I moved to Mexico to wake up each morning to have no idea how I was going to get through the day.
Life in Salem was far too comfortable -- almost as if I were existing amongst the walking dead. That type of comfortable.
I wanted something more challenging in my life. And I found it in Mexico.
This is usually the point where someone asks me if I wanted life-challenging experiences why didn't I move to Havana -- or Damascus. And the answer to that is easy.
I suppose I could throw up the old F. Scott Fitzgerald trope of holding two opposed ideas in mind at the same time, but that would simply be cheating. Even though I thrive on the notion that death may be lurking around the next corner, I also like to add a bit of nostalgia to the mix. Some people regularly say that Mexico is in about the same social and economic position as the United States was 50 or 70 years ago.

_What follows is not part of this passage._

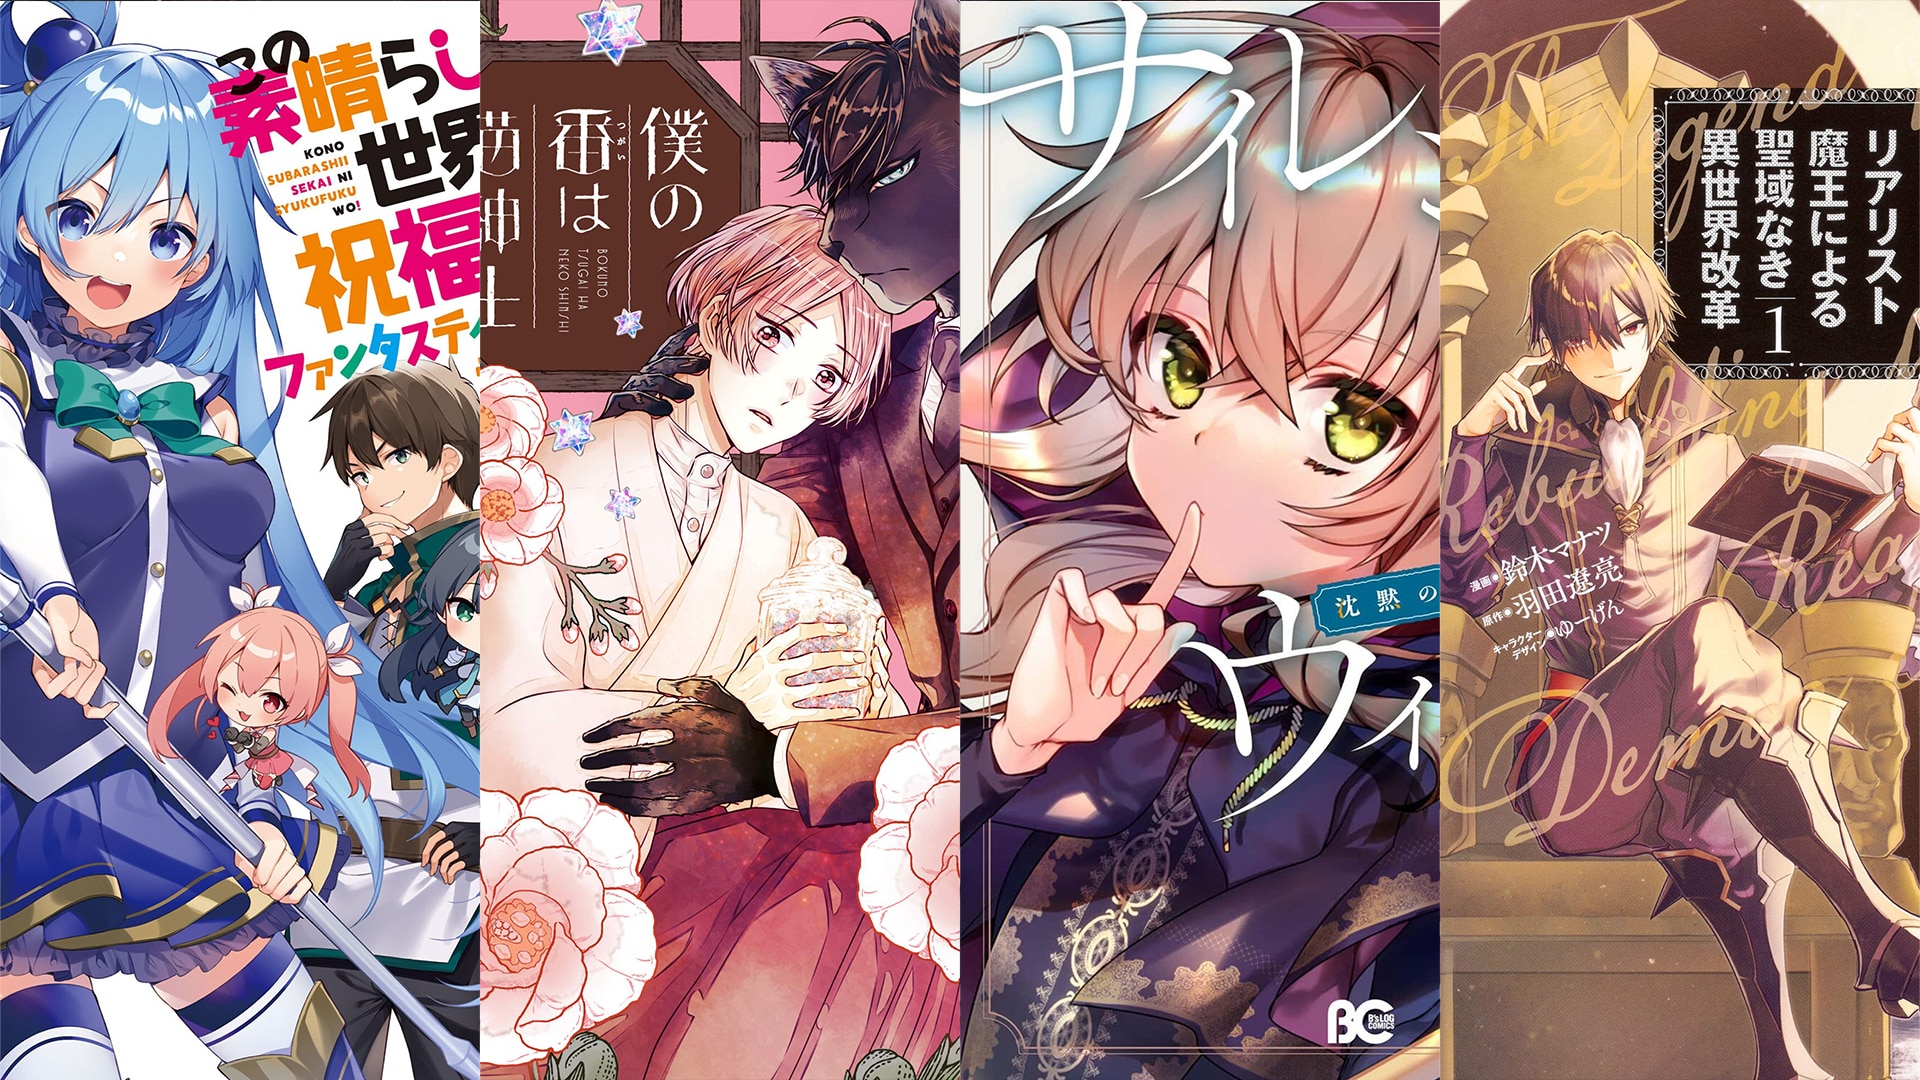 December 2023 Manga / Light Novel / Book Releases

I have no idea how data-driven that observation is, but it has the ring of truth for the Mexican villages where I have lived for the past dozen years. Every day here I am reminded of boys on their Huffies delivering the morning newspaper to houses nestled in oak groves.
Except there are no newspapers. The bicycles are not Huffies. And the oaks are coconut palms.
It is more an attitude than stage setting. Barra de Navidad shares the same small town your-business-is-my-business elan as Powers, the little logging town in southern Oregon where I grew up.
It is not nostalgia. By nature, I enjoy visiting large cities and digging elbow-deep into what they offer. For living, though, I truly enjoy the simple rhythms of small towns. Including San Patricio Melaque and Barra de Navidad with their "where did that come from" variety.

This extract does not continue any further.